3

I want to convert speech to text using mozilla deepspeech. But the output is really bad.

I have downloaded mozilla's pre trained model and then what i have done is this:



BEAM_WIDTH = 500

LM_WEIGHT = 1.50

VALID_WORD_COUNT_WEIGHT = 2.10

N_FEATURES = 26

N_CONTEXT = 9


ds = Model(model, N_FEATURES, N_CONTEXT, alphabet, BEAM_WIDTH)


fs,audio = wav.read(path)


data = audio[:,0] ## changing to mono channel (using only one channel)

prediction = ds.stt(data,fs)

print(test)

print(prediction)

Now the output is nowhere near to my audio sample.
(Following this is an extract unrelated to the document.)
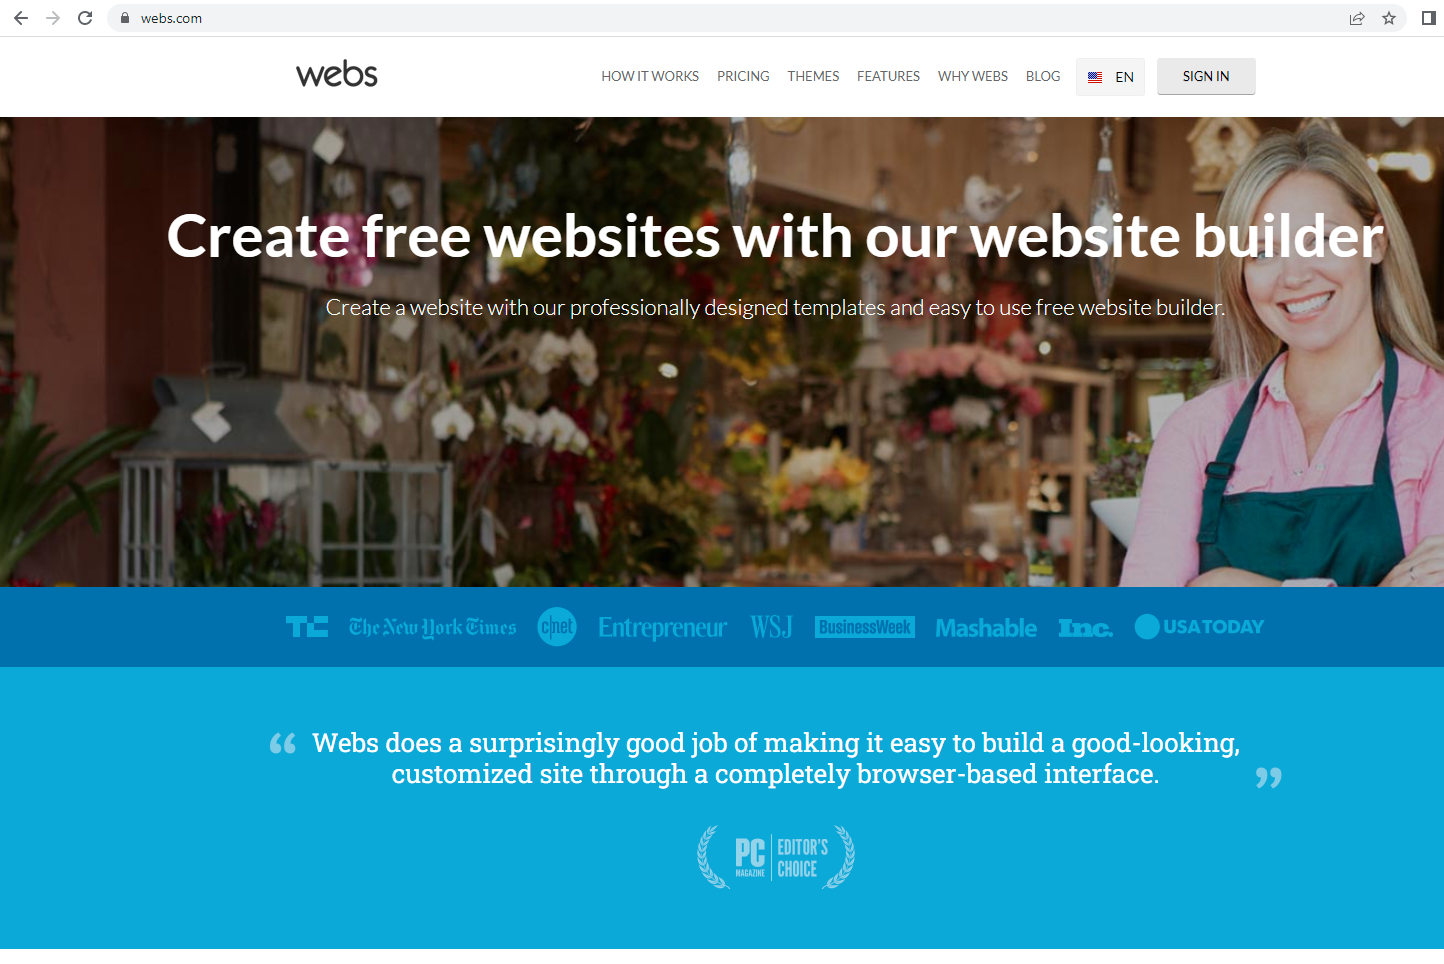 webs.com home page screenshot
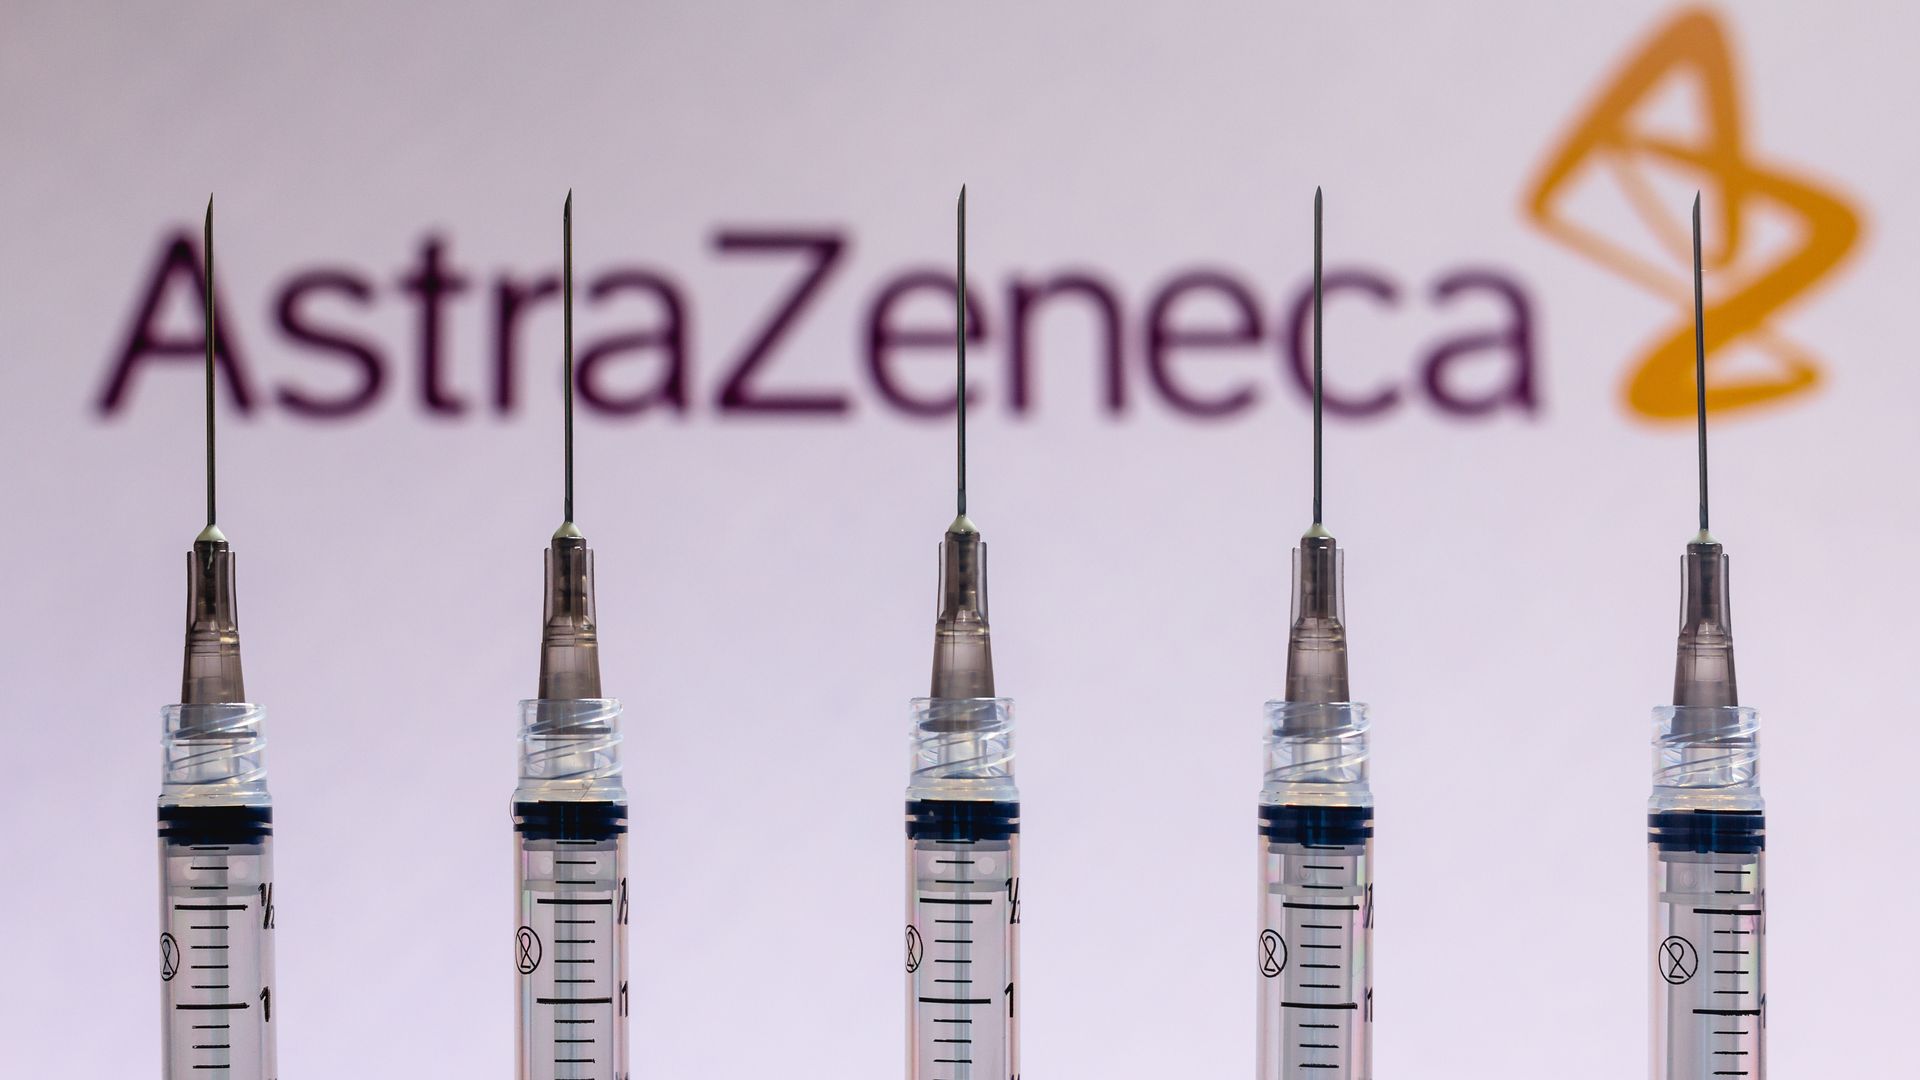 The AstraZeneca logo seen behind several syringes

What do i have to do to increase it's accuracy?

Amit Joshi
  • 61
  • 1
  • 1
  • 6

1 Answers1

0

I assume it's because you are not including any LanguageModel.

The pre-trained model is basically just the acoustic model which will only transcribe the audio to similar sounding text that may not make sense.

If you combine the acoustic model with a language model (LM) you will likely get better results.

In your code example I can see the Parameter LM_WEIGHT but not any refenrence to the LM itself.

I'm unsure in which Language you want to integrate deepspeech but here is the example for node-js. This is the part where the LM is integrated

const LM_ALPHA = 0.75;
const LM_BETA = 1.85;
let lmPath = './models/lm.binary';
let triePath = './models/trie';
model.enableDecoderWithLM(lmPath, triePath, LM_ALPHA, LM_BETA);

If I'm not mistaken, the LM & Trie file is included in the pre-trained download ZIP

wget https://github.com/mozilla/DeepSpeech/releases/download/v0.5.1/deepspeech-0.5.1-models.tar.gz

Otherwise you can also create your own Language Model which would make sense if you only need the Model to recognize specific words.

thimos
  • 91
  • 10